So, which large model should you choose? Can Token resources be enough to support long-term use? If you don’t follow the OpenClaw (lobster) trend, will you be淘汰 by the times? In this AI transformation that’s accelerating, how should individuals position themselves and break through?
With these questions in mind, on April 3, Xujiahui Innovation & Technology, the Shanghai Distributed Consensus Technology Association, PANews, and the ManKun Law Firm jointly hosted a themed event called “Don’t ‘Lobster’ Panic.”
In the keynote speech on “Embracing the unpredictable AI wave,” Li Chenxing, Chief Architect at Conflux Tree, said that currently, giving more autonomy to AI rather than overly constraining it with human limited experience is an inevitable trend at the current stage of technology. The “careless” issues currently exhibited by AI essentially stem from the fact that, in complex scenarios, it struggles to reliably capture key contextual constraints and to continuously remember them. From a technical architecture perspective, AI mainly relies on parameter memory, context memory, and external memory, but these mechanisms still face problems such as difficulty in updating, limited window sizes, and insufficient calling efficiency. Therefore, in the future, efforts should focus on strengthening external memory calling capabilities, exploring continuous learning and experience reuse mechanisms, and gradually consolidating experience-based memory through hands-on practice in vertical domains, in order to improve the completeness and reliability of AI decisions in real-world complex scenarios.

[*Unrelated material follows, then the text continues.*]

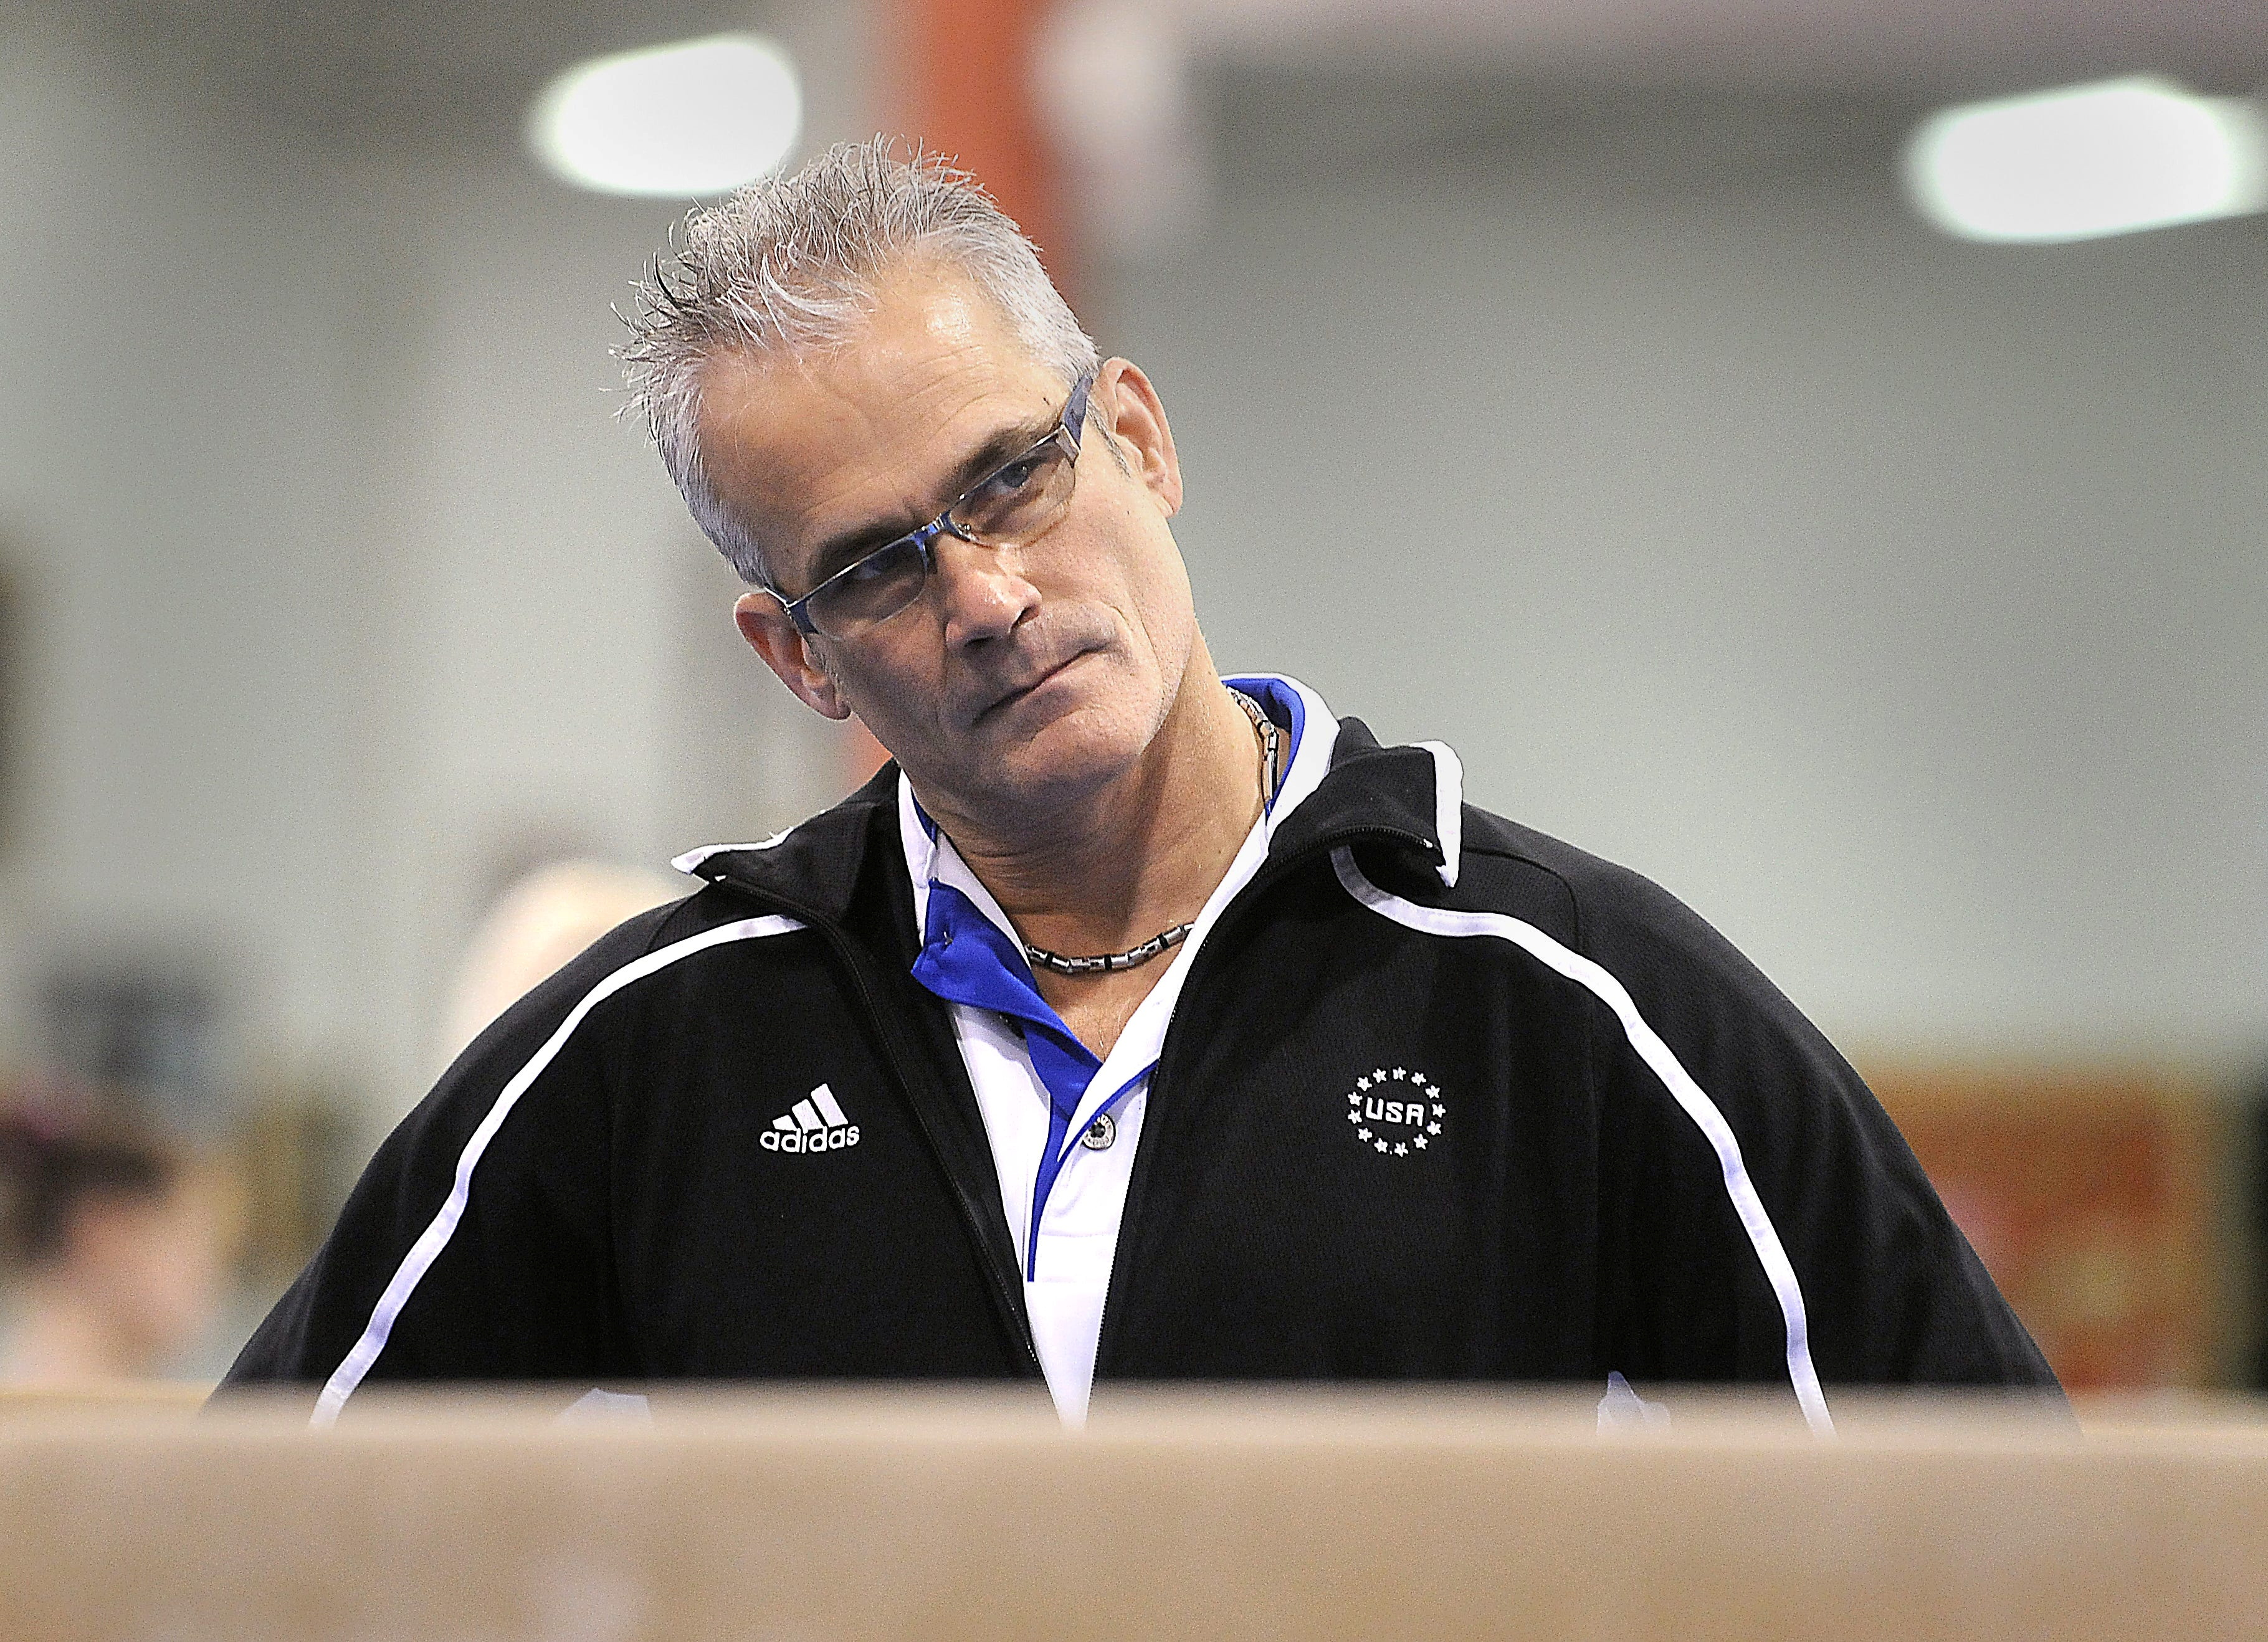 Gymnastics coach John Geddert watches his students during a practice in Lansing, Michigan, U.S. December 14, 2011. Greg DeRuiter/Lansing State Journal/USA Today Network via REUTERS.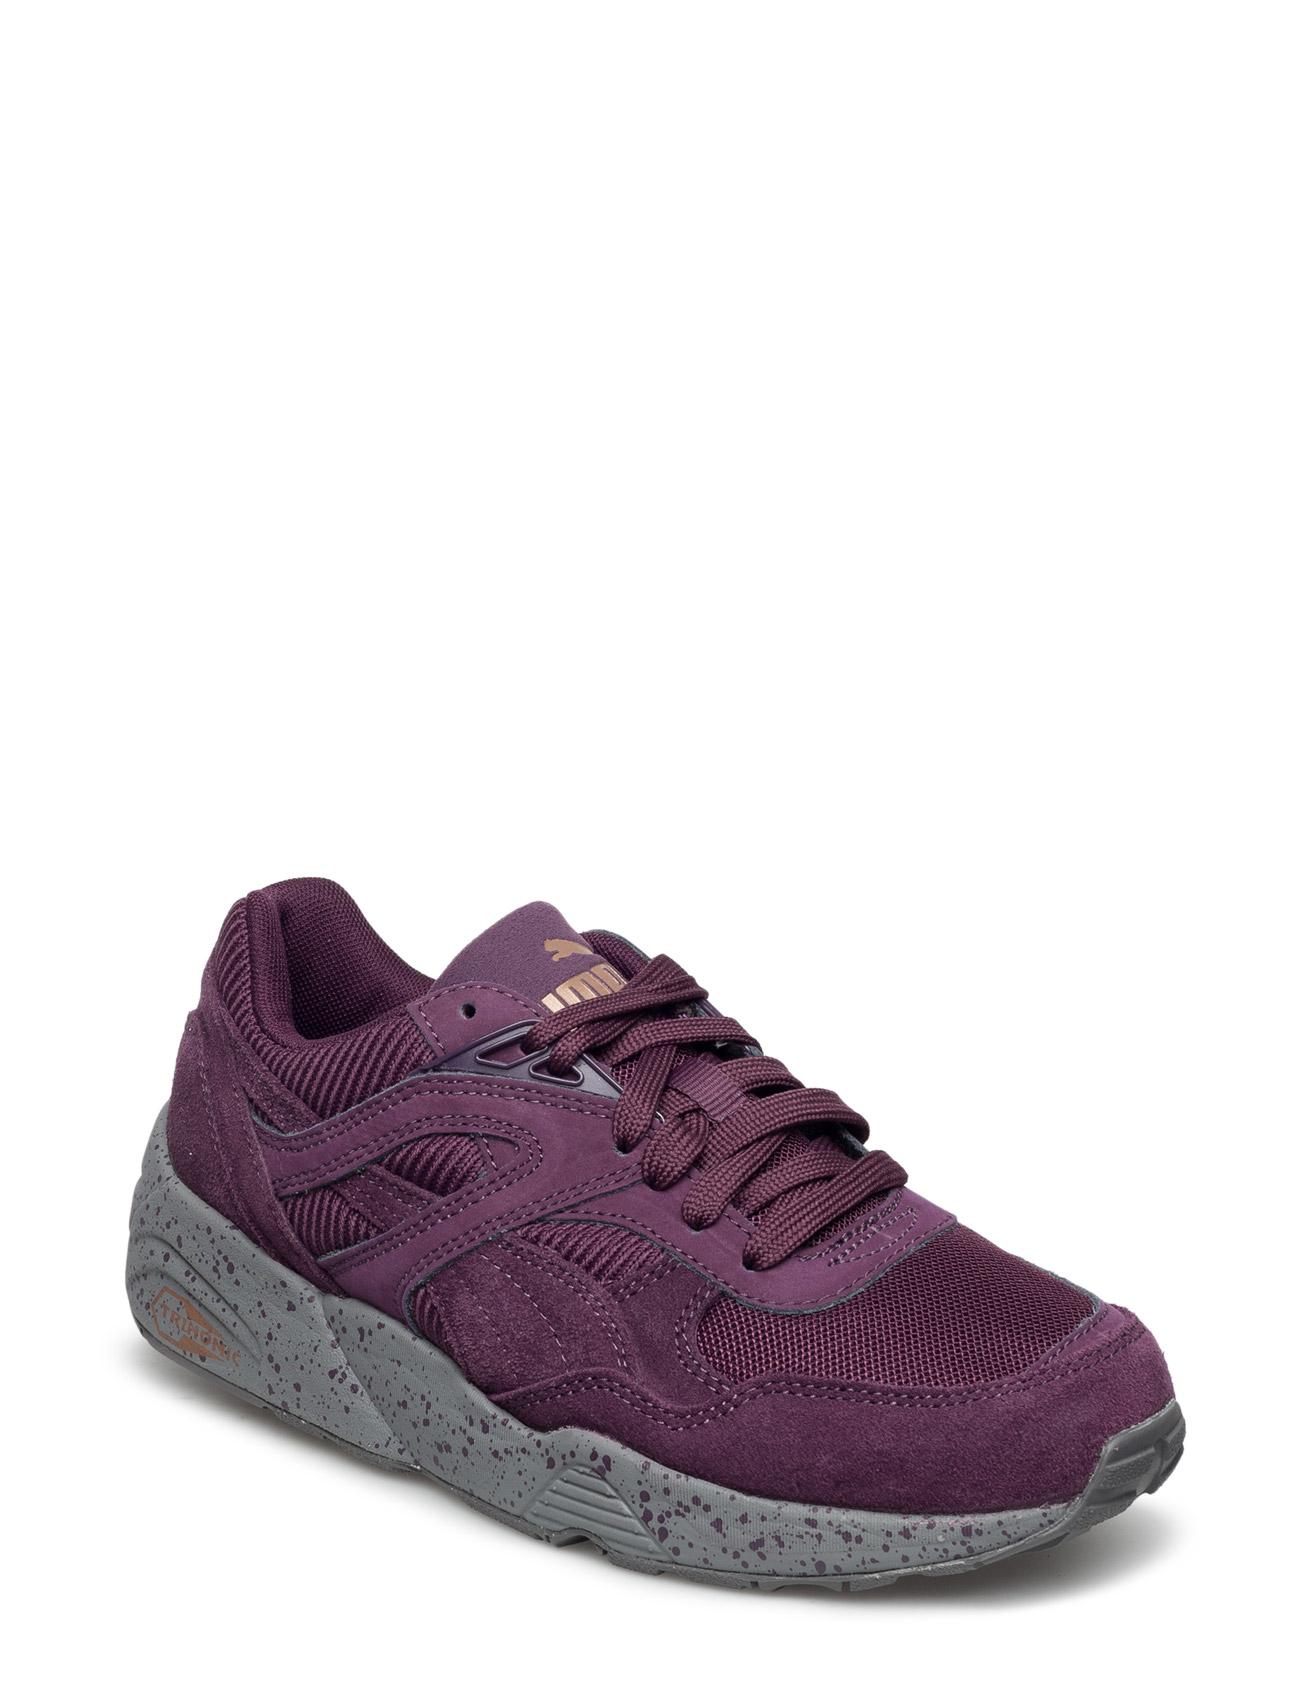 R698 Winterized Wn'S Puma Sneakers til Damer i

He also pointed out that the core progress of AI today is mainly reflected in strengthened autonomous analysis and reflection capabilities. In the future, as memory capabilities improve, it is expected to break through key bottlenecks and have a profound impact on various industries. For example, currently, the potential of digital identity and digital payment systems has long been constrained by development and user barriers, while AI may unlock that value by lowering development costs and replacing parts of the user learning process with agent-based approaches. Overall, AI should not be viewed as a threat to jobs, but as a key tool for boosting productivity and creating new opportunities. Individuals and industries should maintain an open mindset and proactively explore paths for integrating AI.
As Feng Heqing, Product Architect of Tencent Cloud Workbuddy, noted, with significant improvements in large-model capabilities, AI has evolved from early-stage basic assistance like code completion to being able to independently complete complex tasks. Within that, the core capabilities of a customizable Agent are reflected in end-to-end task support, multi-role collaboration, a layered memory system, and context-based intelligent task decomposition. Meanwhile, by coordinating multiple agents, it enables data handoff between tasks and parallel processing, and at the security layer it uses local data storage and a human confirmation mechanism for critical operations to ensure data safety. In terms of application, WorkBuddy has covered typical office scenarios such as resume screening, automatic PPT generation, data analysis, and weekly report consolidation, and it can connect to systems like WeCom and WeChat Work through enterprise-level integration capabilities for unified task management. Its technical architecture emphasizes full-stack in-house development, isolated execution environments, and enterprise-grade permission controls, supporting both local and cloud deployments. In terms of business model, it can be aimed at enterprise R&D and users in high-frequency digital office roles. Overall, WorkBuddy aims to improve enterprise productivity through customizable Agent capabilities and multi-task coordination, and by continuously optimizing task decomposition capabilities and expanding its ecosystem, further strengthen its fit and deployment capability in complex enterprise scenarios.
Biteye and XHunt founder Teddy shared insights mainly around digital employee practices, large-model applications and cost issues, technical configuration and security risks, and optimization of collaboration methods. In the area of digital employee practices, to reduce model hallucinations and code error rates, it is necessary to introduce a higher-level review Agent to conduct a second verification of code generated by lower-level Agents, forming a mandatory code review process. Since there are still certain bugs in Agent-written code, errors can be reduced through standardized development processes, strengthening prompt design, and adding multi-round validation mechanisms. In operational scenarios, it is necessary to focus on controlling posting frequency, and to ensure stability as much as possible via unified scheduling through backend APIs. In complex team collaboration environments, Discord is usually more suitable than Telegram for Agent coordination and task distribution. In resource management, special attention must be paid to Token consumption. In addition, Agent systems still require human time for training, tuning, and behavior correction.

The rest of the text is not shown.